My job title is "Technology Integration Engineer". I don't recall if I wrote about that before, so here's a very simplified version of what I do -

Every time you have an app that updates (Windows updates, smartphone apps that update, whatever) it generally involves many, many hours of work behind the scenes. You have programmers that code up some changes, testers to test them, etc.

Because some things change on a regular basis, there are also configuration files for just about everything. That way if you are using a specific url (as one example), when it changes you don't have to change the code, you can just update the configuration files as needed.

Since applications run on multiple machines (generally a machine for the database, which stores all your data. A machine for serving up the webpage, and various machines for other tasks - like verifying you when you log in, or validating your credit card when you pay a bill, and so on and so forth) there's also connectivity settings, messaging, and a lot of other things. It's complicated and messy -

And I actually kind of like it. I do still intend to get into computer security (infosec, cyber security, whatever you want to call it), but it's kind of fun to troubleshoot why the heck something isn't working. I'm getting reasonably good at reading logs and trying to figure out what they mean.

Now, tech is a fast-paced industry, and it seems to me that tech companies that have been around for a while are always in the midst of some sort of transition. There's older, legacy systems - and since they work, and most of the bugs have been sorted out, they don't generally want to replace them unless they have to - and then there's newer technology, and it all makes a rather confusing mess.
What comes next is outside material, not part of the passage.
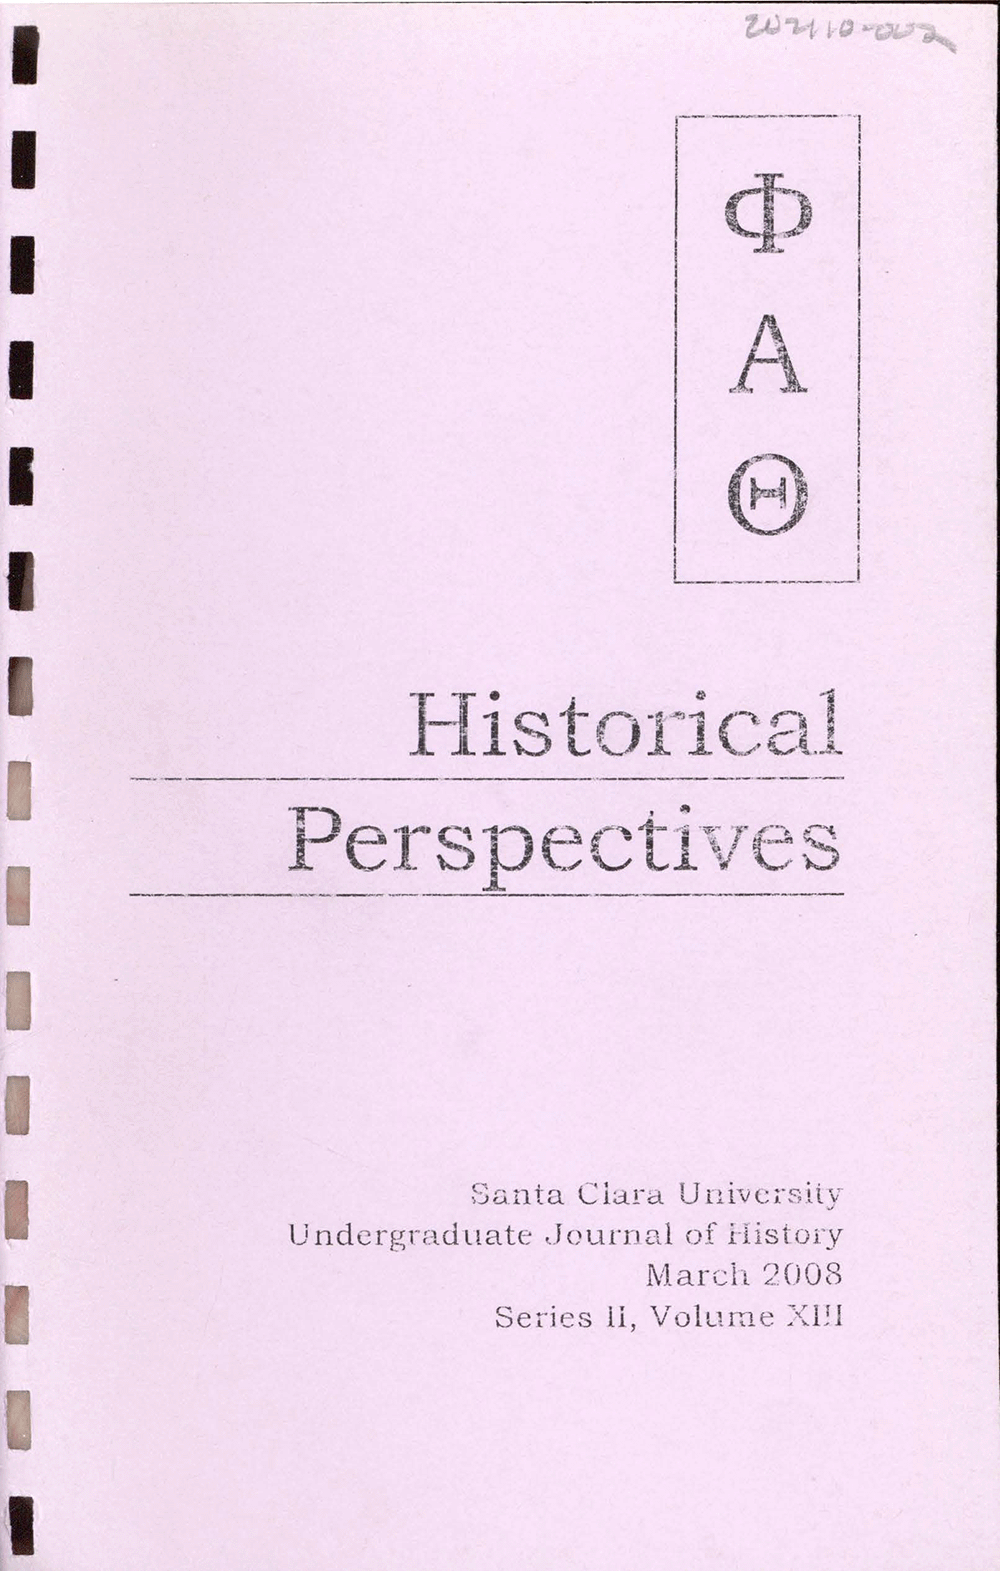 Historical Perspectives 2008, volume 13

One of the big changes going on is less about the tech (though that plays a role), and more about how the company is organized.

See, in the older style of software development, you might put out new code one a month, or once a quarter. The developers develop, the testers test, and my job is to help integrate the code with all those various configuration settings so that the environment works. Sometimes that means fixing issues when a new build (i.e. the code changes for whatever version they're working on), and sometimes it means trying to help troubleshoot some defect that the testers have identified.
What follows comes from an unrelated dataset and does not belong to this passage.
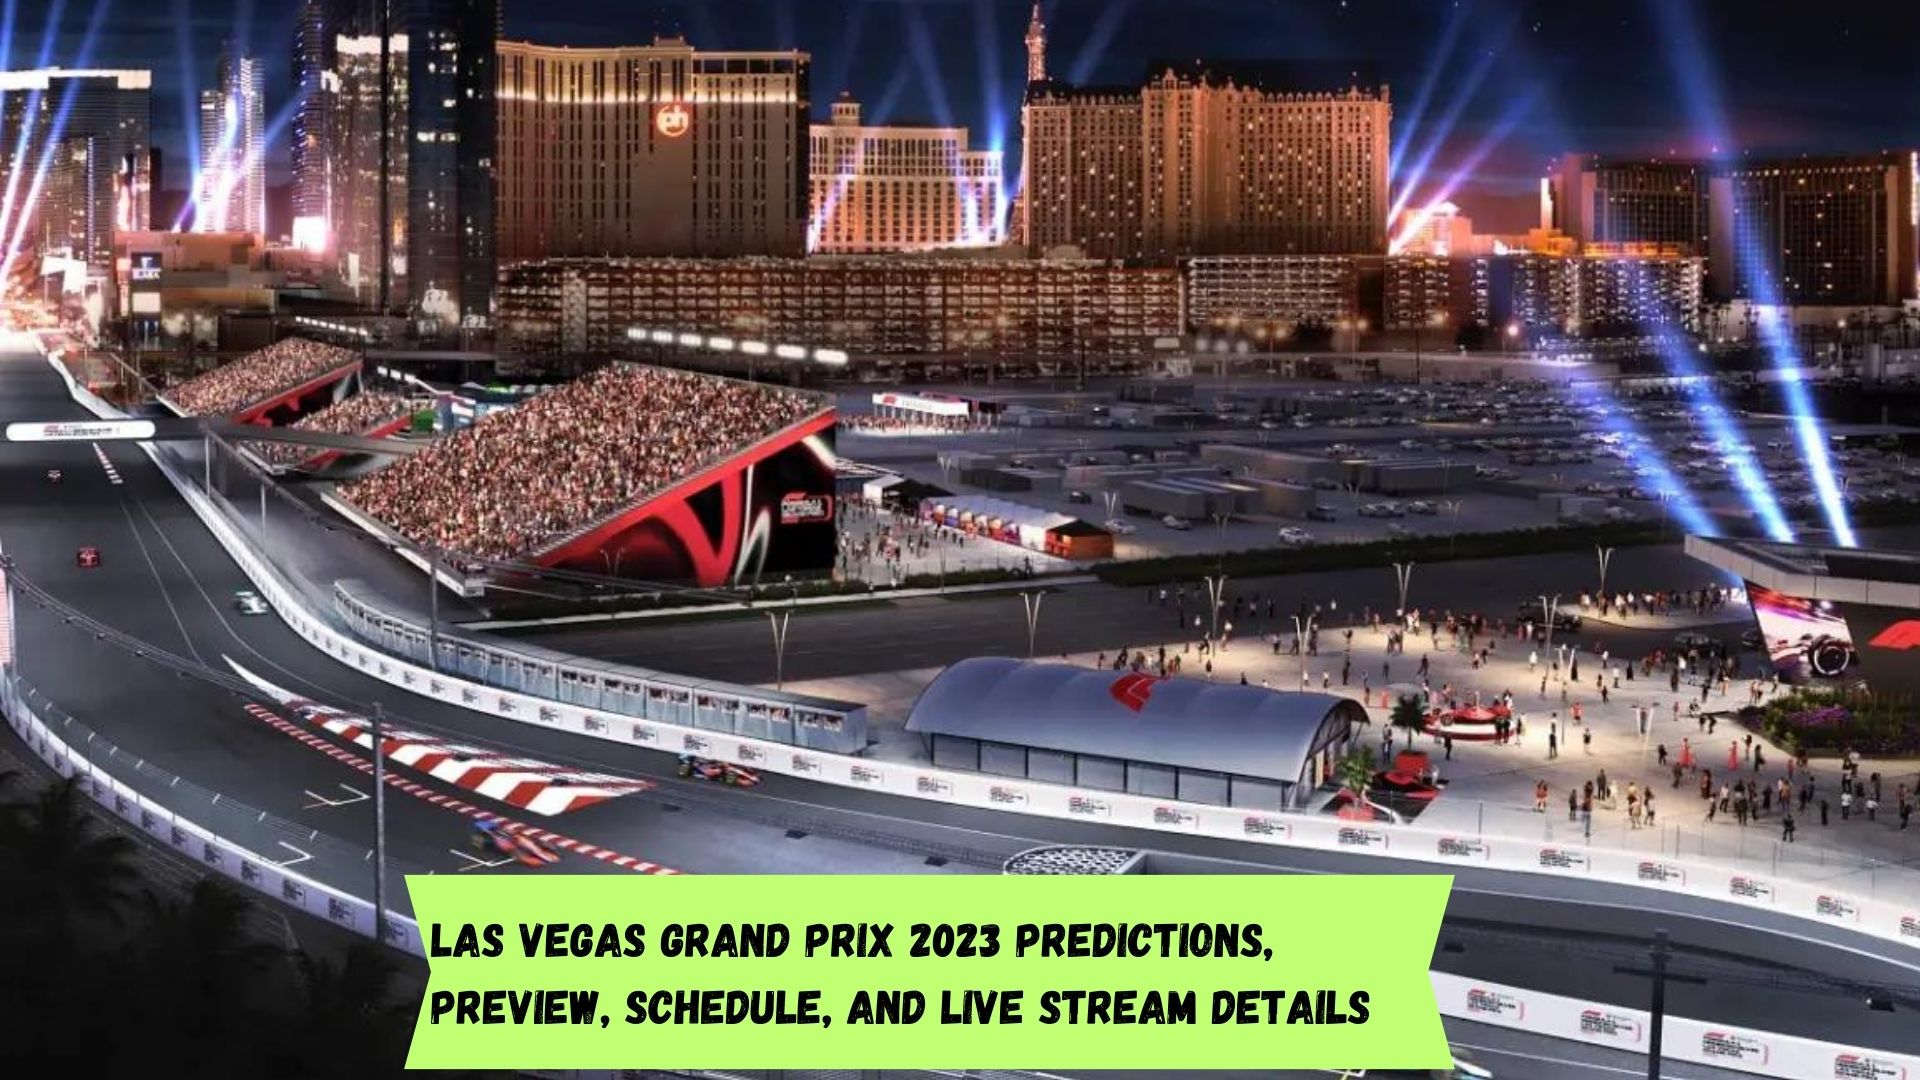 Las Vegas Grand Prix 2023 Predictions Preview Schedule And Live Stream Details

But once a month is... slow. Faster, more agile companies can push out changes daily... or even faster. Which is what one of the current industry buzzwords is - agile.

As someone who graduated a little over a year ago, I had heard the term but didn't initially have a clue what it really meant - but last Feb I was in Dallas for some corporate training, and we discussed it in more detail.
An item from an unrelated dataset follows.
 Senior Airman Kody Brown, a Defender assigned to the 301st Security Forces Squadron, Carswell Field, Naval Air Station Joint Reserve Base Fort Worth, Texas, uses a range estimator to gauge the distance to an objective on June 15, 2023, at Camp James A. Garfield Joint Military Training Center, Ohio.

The biggest takeway, for me at least, is that in order to be more agile they essentially want to restructure how we do things. Instead of having a dev team, and an integration team (mine), with database administrators and the like, and testers... they essentially put those skills all on a small team dedicated to one particular application. That way they can code it up, run it, test it, and push it out in a timely fashion.

Which made me wonder what was going to happen in my own company, because it means my current job would go away. (Maybe. Supposedly the transition can take five years or so).

Now, I want to circle back to something that happened early in my career here. Before I learned enough to actually be busy fixing things, I got sent to some training that discussed the concepts layed out by Google for SRE. I then got tagged to be on a scrum team (which is what they call those small teams in the agile framework, iirc), but tbh I hadn't really been able to do much with it. Most of it was very different from what I do in integration, and the project I found most relevant to my day job was when we tried looking at file system cleanup.

But now that I've learned enough to be more useful, and don't have to spend most of my time dealing with the day-to-day integration issues (we each take turns being 'on call' as the primary point of contact for the days issues, and as a trainee I'd been handling more and more of the non-production issues. Now, though, I should be rotating when I'm on call... so about one week a month I should be busy with that, and the other three weeks I can start working on other things.)

Last week was the first time I had the chance to really dig into some of that, and it sort of amuses me. Because even though I was hired as an integration engineer, and even though I learned java for school, it turns out that I'm apparently also a bit of a python developer now.

Sort of. Still spend most of my time in integration, ofc. It kind of amuses me, as someone who learned an entirely different language. Like, yes... you too can wind up programming in an entirely different language, even if you weren't hired as a programmer in the first place.

The last few months have been interesting. I like learning new things, but I have had to learn soooooo much! It's right at the edge of my comfort zone, tbh. And there's all sorts of things that I feel I only barely understand. (The number of times I've been asked to help fix something, and have no clue what the acronym they're using means, or what it really does for our application... well. I can see why imposter syndrome is such a thing in our industry. I now have a little bit of an understanding of containers, and microservices, and mq, and a bunch of other enterprise level technology... and a bit of sql and Oracle, plus some Couchbase and nosql. Only superficial knowledge, I'd say... barely scratched the surface on a lot of it, but def something that keeps me on my toes.)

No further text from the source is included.